Yes, that was a big goal of mine. I’ve been loving people saying they can read it in one sitting. I started thinking of the people that I wanted to have read it, and a lot of that audience would be people with illness; I wanted them to get through this book. I also didn’t want it to be so Lyme-specific. Lyme has so many overlaps. I’ve had casual diagnoses, fibromyalgia, chronic fatigue, my blood work has turned out positive for a lot of other immune diseases and it goes away. Also, with Lyme, research constantly throws you new loops. I just tried to get to the really human elements here and actually just really stick to what the story is for us. I wanted it to be about feelings. And there’s plenty of books with data and the books conflict with other books of data and there’s plenty of research, but it wasn’t what I wanted to tell. I wanted to tell a story of one woman’s experiences, which may or may not have overlapped with others’.

Porochista Khakpour in 2007.
(Glenn Koenig / Los Angeles Times )

You write that women often receive a misdiagnosis for Lyme, even later than men, because they are judged for having psychological issues instead. What would an early diagnosis have meant for you?

That would have completely saved my life. I certainly wouldn’t be in late-stage Lyme like I’ve been for years, so much systematic damage and all sorts of sensitivities. Something I always say is Lyme is something if you catch it in time, you have pretty good odds. That’s like one of the things that is infuriating about the whole thing. It would have meant everything. It completely would’ve changed my life. It would have saved me so much grief. So much suffering and so much thinking I was crazy. By the time I got the diagnosis, I was even doubting the diagnosis.

The cover art of this book is striking. Did you take this photo of yourself? Why did you decide to use it?

That was a selfie back in 2011 or 2012 when I’d just be in bed for hours at a time either in hospitals or at my doctor’s office, taking photos, like, Who am I? What happened to me? How do I feel right now? How am I managing? That kind of impulse because there is no protocol when it comes to Lyme. You’re just kind of stuck trying to figure it out with your doctors, so that’s where I was there.
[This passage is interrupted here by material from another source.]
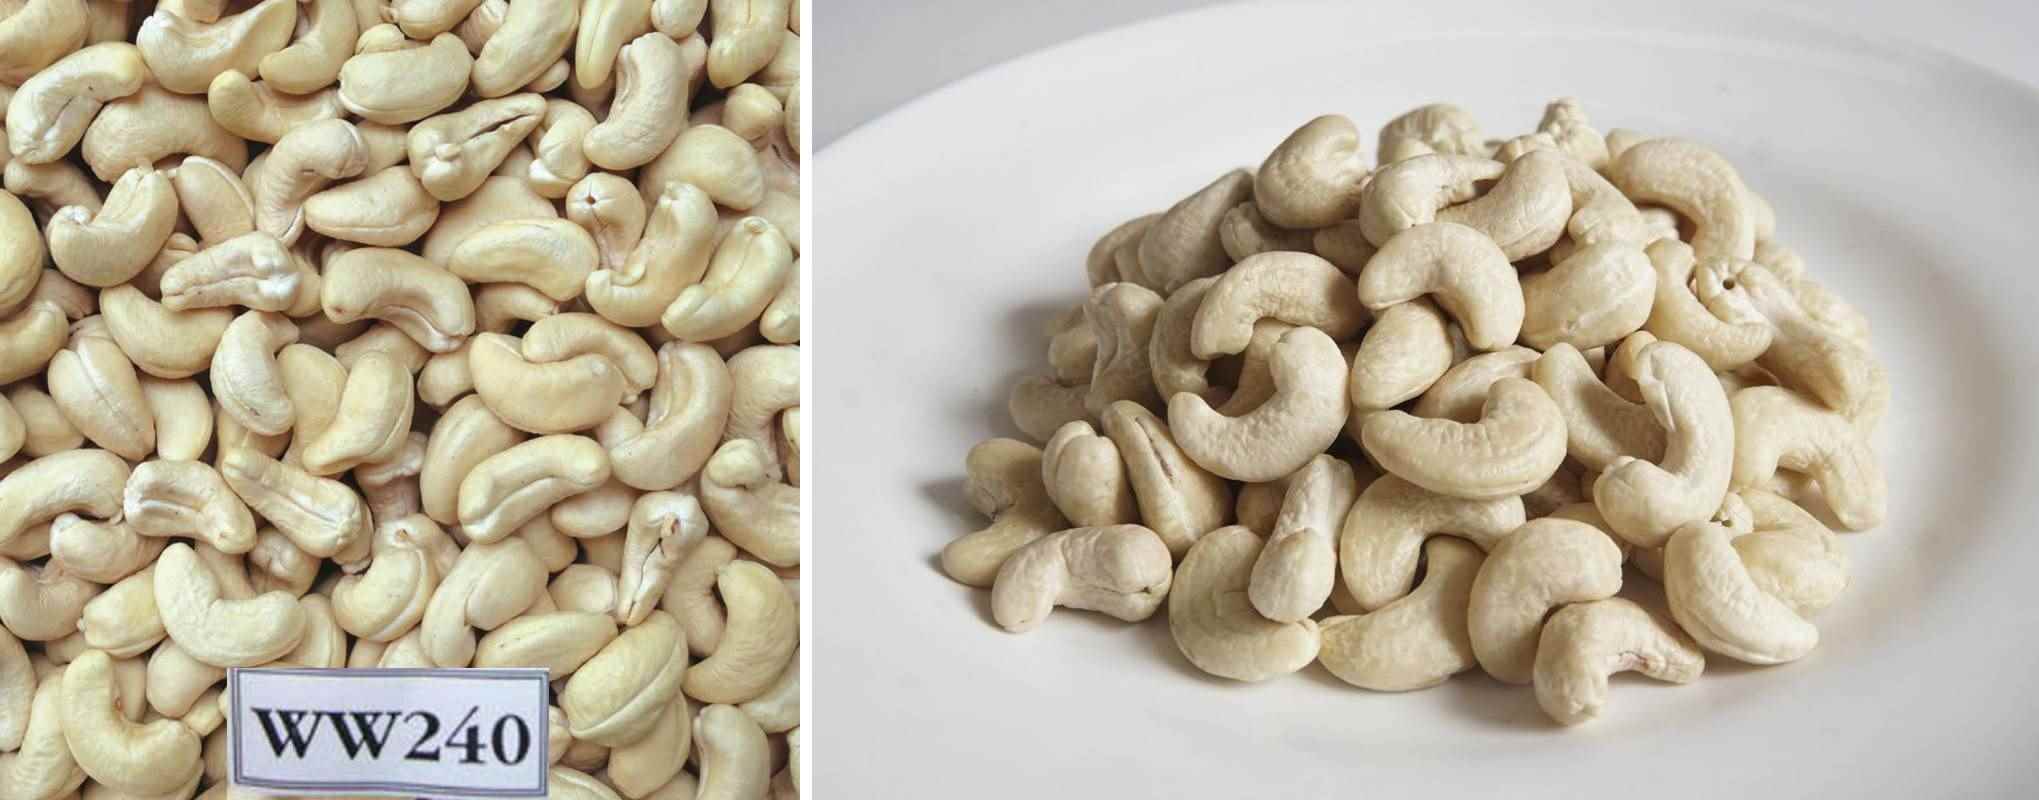 Da Cashewnüsse relativ unverdaulich und arm an Ballaststoffen sind, essen Sie Cashewnüsse vor den Hauptmahlzeiten und essen Sie mehr grünes Gemüse.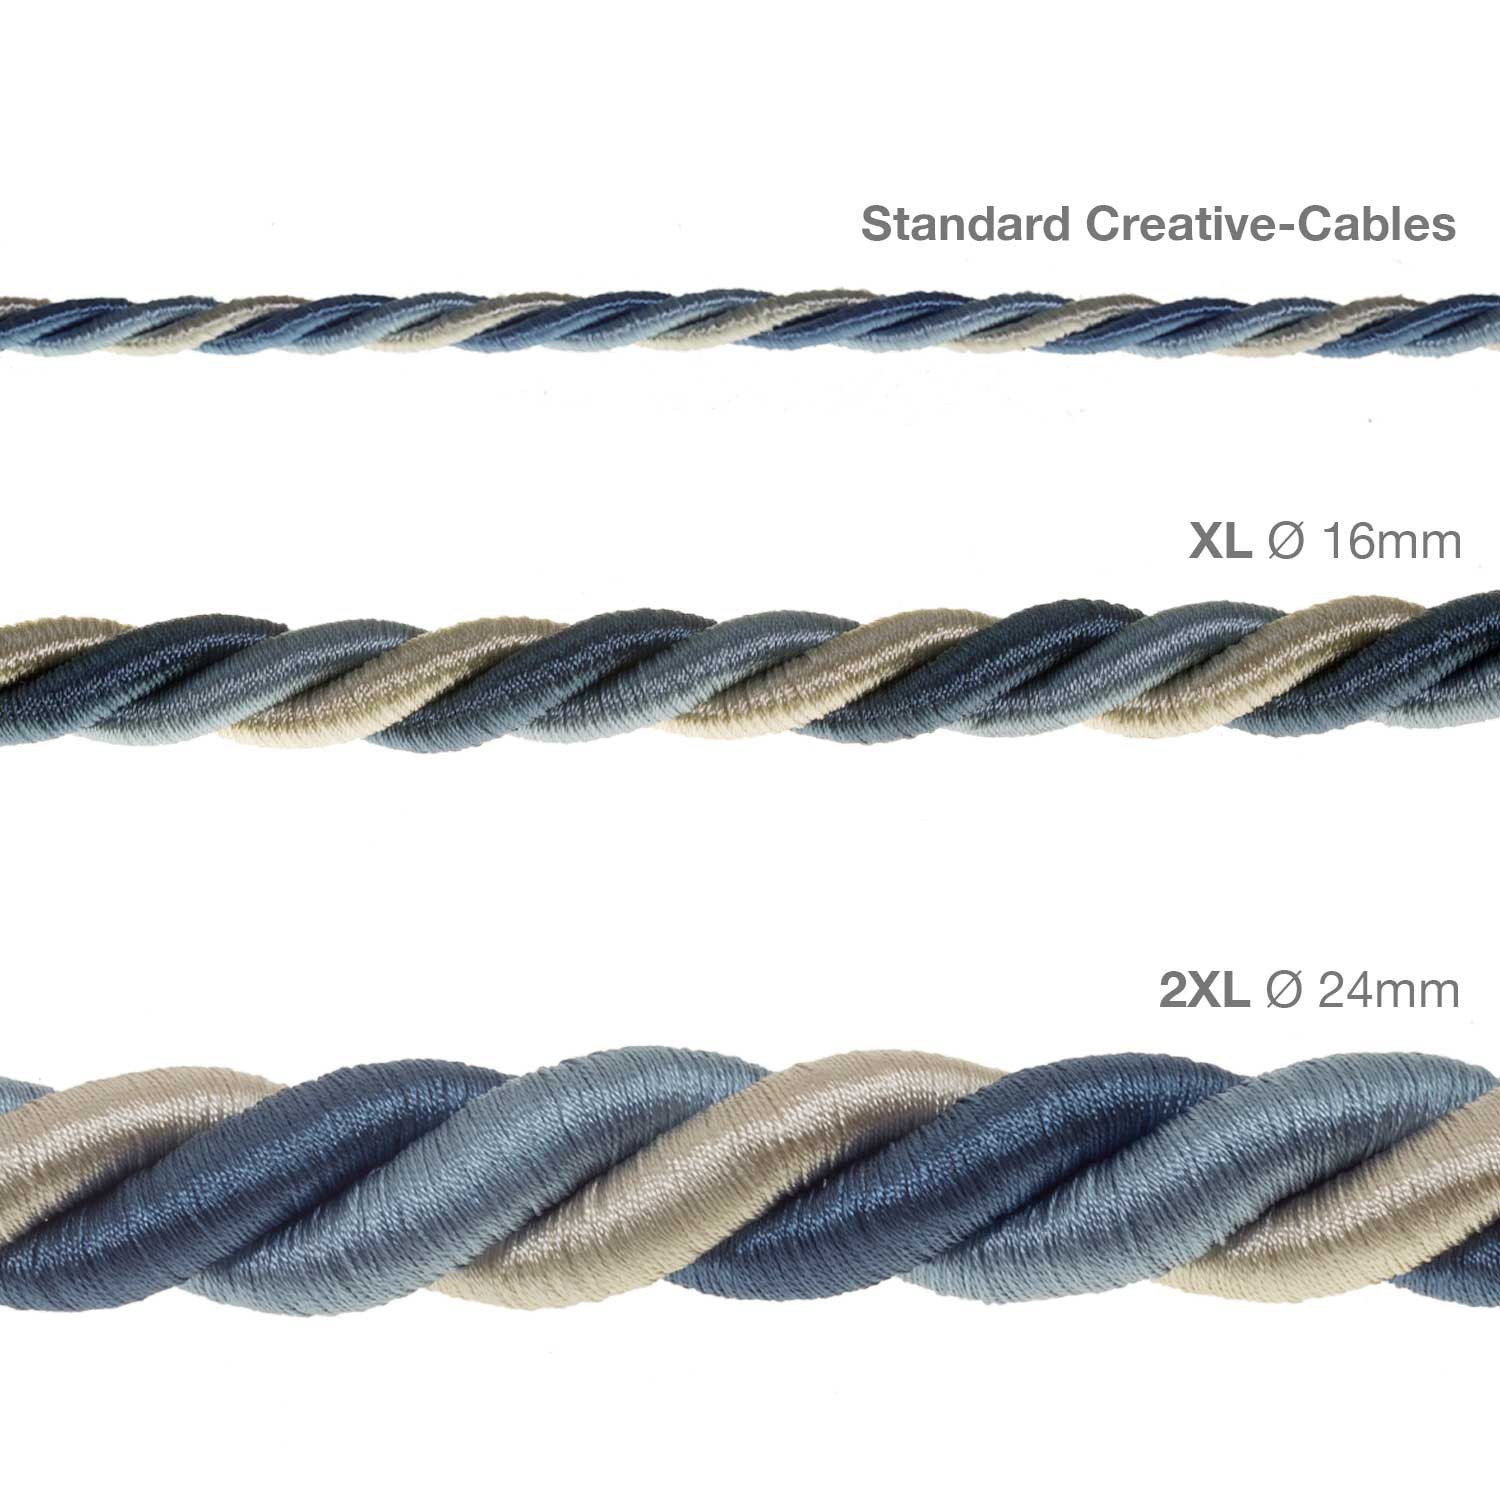 Cordón 2XL, cable eléctrico 3x0,75. Revestimiento de tejido lucído Bernadotte. Diámetro: 24mm.

You’re in the midst of your book tour, you probably haven’t really had time to relax.

I’m trying. I guess in some ways I’m lucky to not be working right now, but then of course with Lyme you’re always worried about that too with expenses, but I’m kind of devoting myself full time to getting better. I’m still doing events. Some of them I feel so horrible and others, I’m just trying to get through, but the energy of people rooting for this book enlivens me and makes me feel grateful, so in a funny way, the book coming out has been a good distraction of my own health.

Brown is a writer based in Los Angeles.